Me temo, le dije a mi mujer, que tendremos de finalizar al llegar al centro de interpretación. Seguimos ascendiendo por la carretera que nos lleva directamente hacia el monte.
Como hace ya un tiempo que no se le oye, mi mujer se gira y comprueba que están como dos marmotas. Se han quedado fritas.
Legamos al centro de interpretación y seguimos adelante. De vez en cuando miro por el espejo retrovisor. Mi hijo nos sigue a cierta distancia. La vegetación es propia ya de la sierra.
El arroyo |
La Fuente del tejo. Como siguen dormidas continúo. La pista juega en claroscuro. La curvas se suceden una tras otra en la pendiente. Por fín llegamos a un lugar conocido que me parece muy adecuado: la Fuente del sacristán.
Hay aparcamientos, una fuente, sombra abundante, unos pequeños arroyos y un refugio de montaña. Aparco el coche y junto al mío lo hace mi hijo. Las niñas ya se han despertado. Leyre, la mayor, con una sonrisa de oreja a oreja mira extasiada a su alrrededor.
- ¡Cuantos árboles!... ¡Qué grandes!... y flores amarillas... (el amarillo le priva).

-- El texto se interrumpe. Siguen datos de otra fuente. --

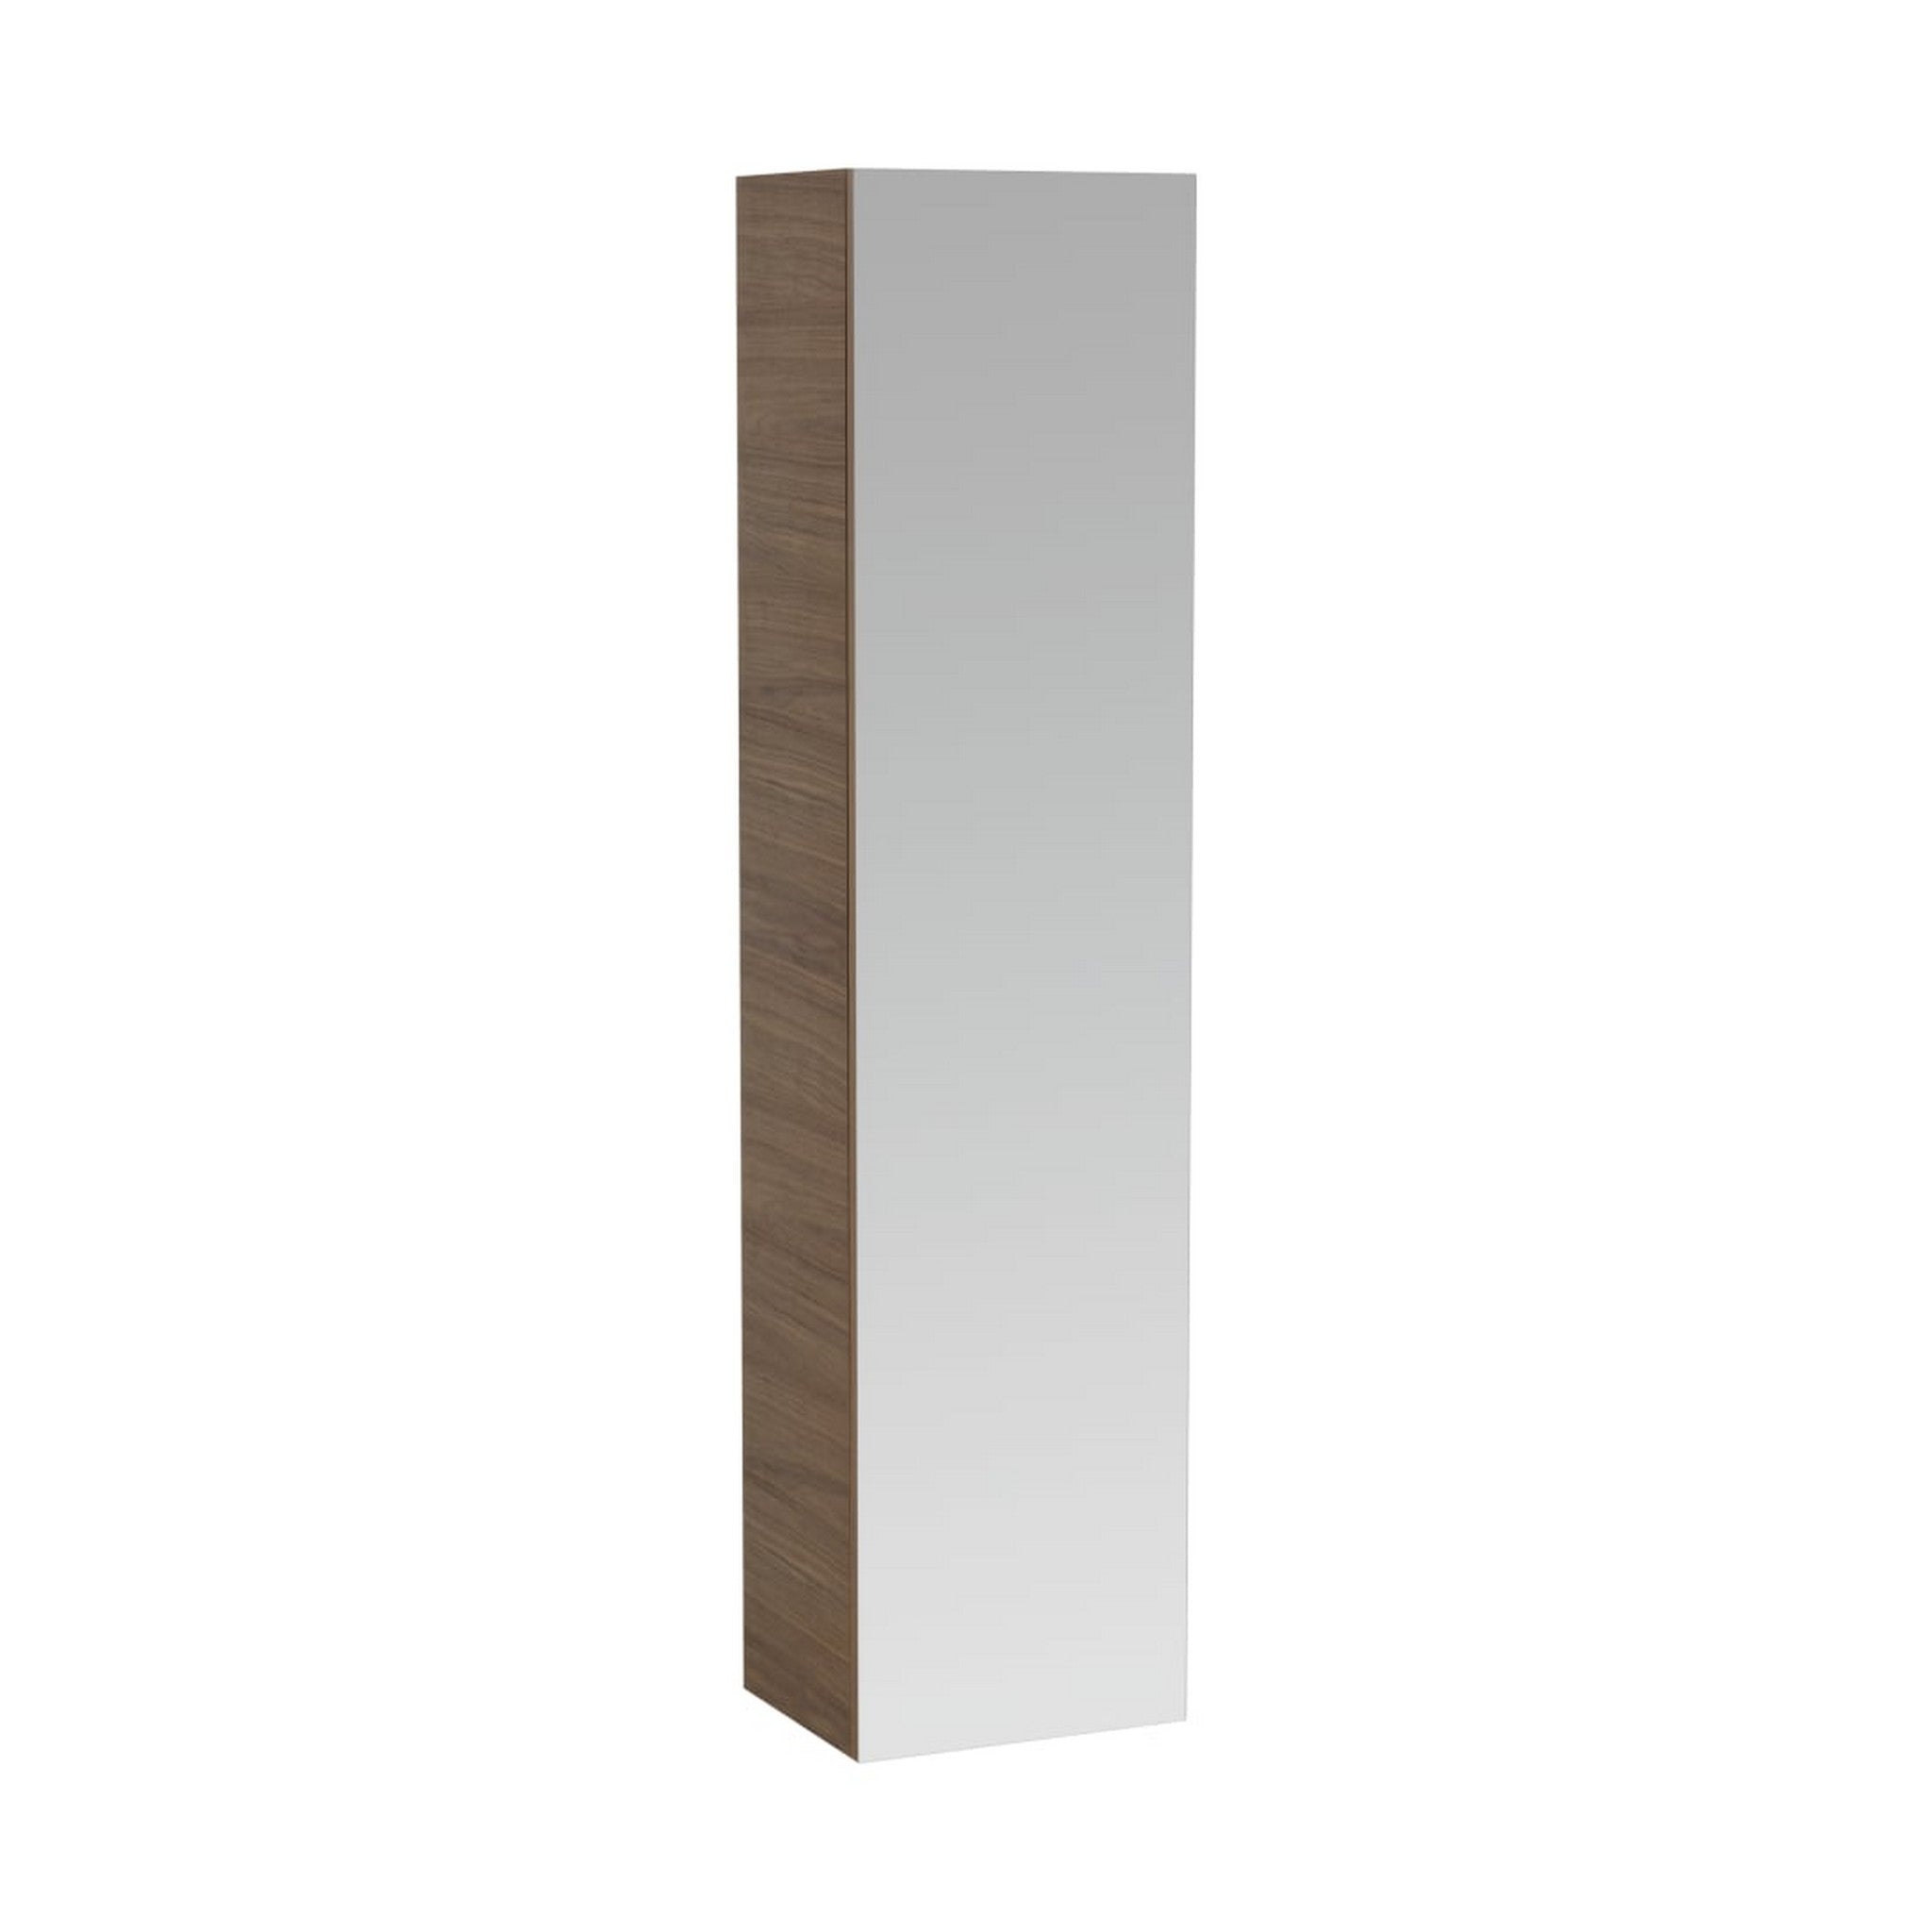 Laufen, Laufen IlBagnoAlessi 16" x 67" Walnut Wall-Mounted Right-Hinged Tall Cabinet With Mirrored Door and 4 Glass Shelves
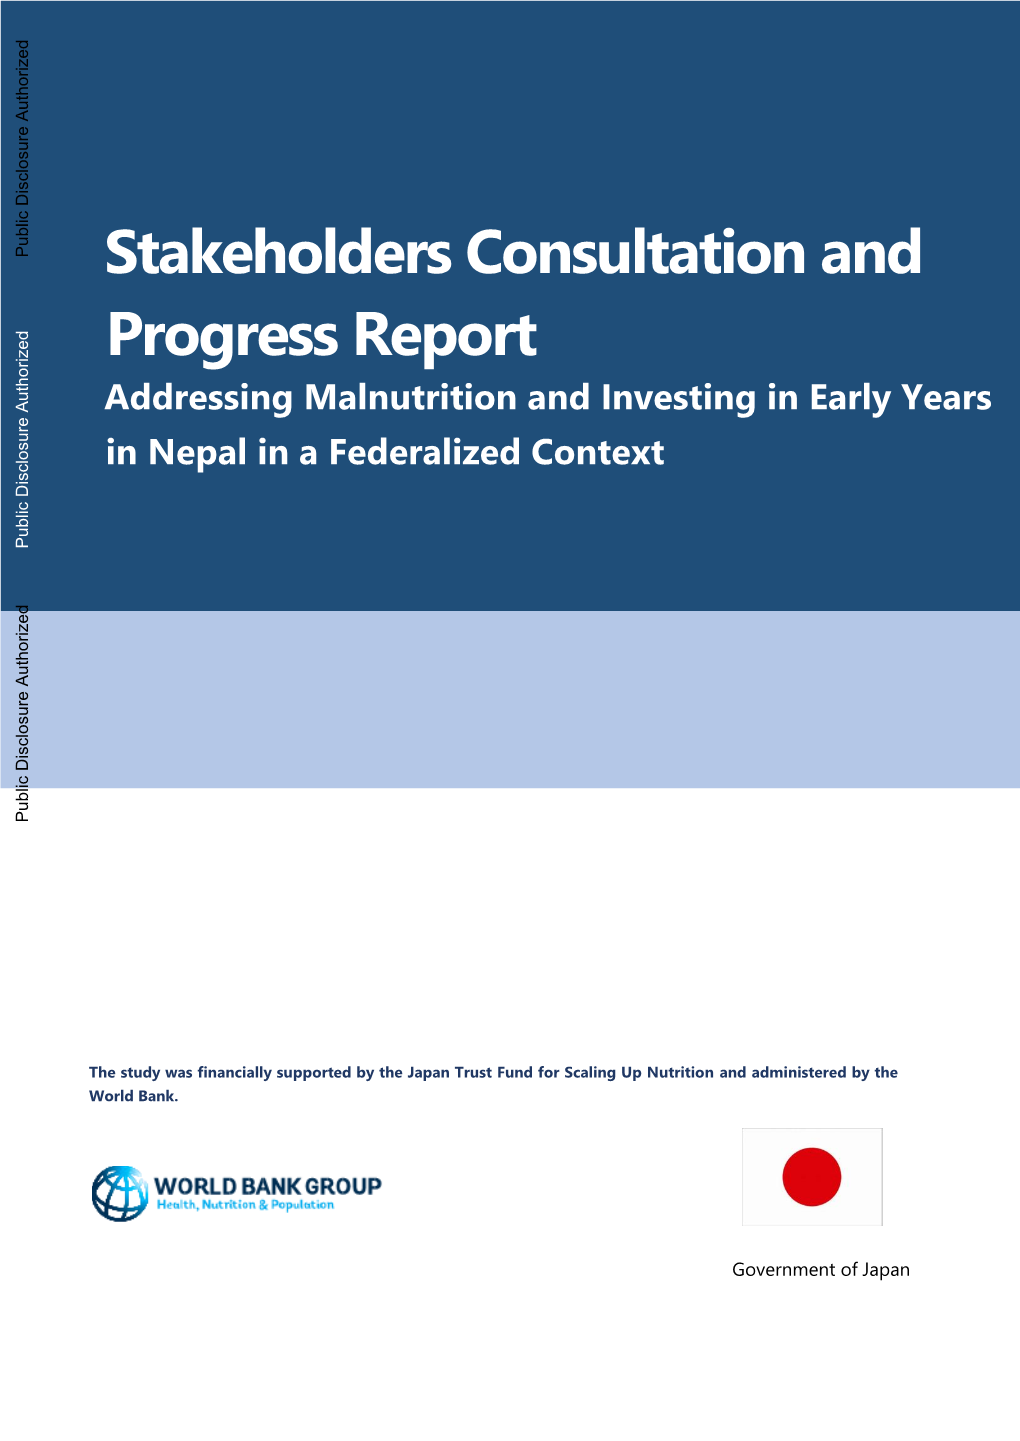 Stakeholders Consultation and Progress Report Addressing Malnutrition and Investing in Early Years in Nepal in a Federalized Context Public Disclosure Authorized

Yo cojo a la mayor de la mano, Nerea va con mi mujer y del pequeño Javi se encargan sus padres. Dejando la carretera, bajamos a un claro del bosque. Tenemos que tener cuidado con las sobresalientes, nervudas raíces de los árboles. Hayas y pinos ocultan el sol. El agua de los arroyos serpentea entre los riscos serenándose en pozas y remansos. Leyre y yo nos metemos en el riachuelo. El agua que escasamente nos cubre los pies está helada. Caminamos con cuidado por entre las piedras del lecho. Cuando salimos es un alivio y recuperamos las extremidades inferiores. Mi nieta quiere volver a chapotear en el agua de nuevo.
Otro arroyo |
Entramos y salimos repetidamente, después, arrastrándome de la mano, me lleva hasta el refugio. Está oscuro como boca de lobo pero no tiene miedo. Está limpio y cuando nuestros ojos se acostumbran a la oscuridad vemos al fondo el hogar para el fuego y a los costados una bancada.
El refugio |
La cumbre pelada del Moncayo |
Salimos. Le señalo la cima del monte, pelada, recibiendo los rayos solares, diciéndole que esa es la que vemos desde el huerto. El pequeñin reclama su comida. Se nos ha pasado el tiempo volando. Mientras mi nuera le da el pecho, nos hacemos unas fotos con las niñas y les entretenemos con unas patatas fritas. La mayor no quiere que nos vayamos. La convencemos con la promesa de volver otro día para comer allí.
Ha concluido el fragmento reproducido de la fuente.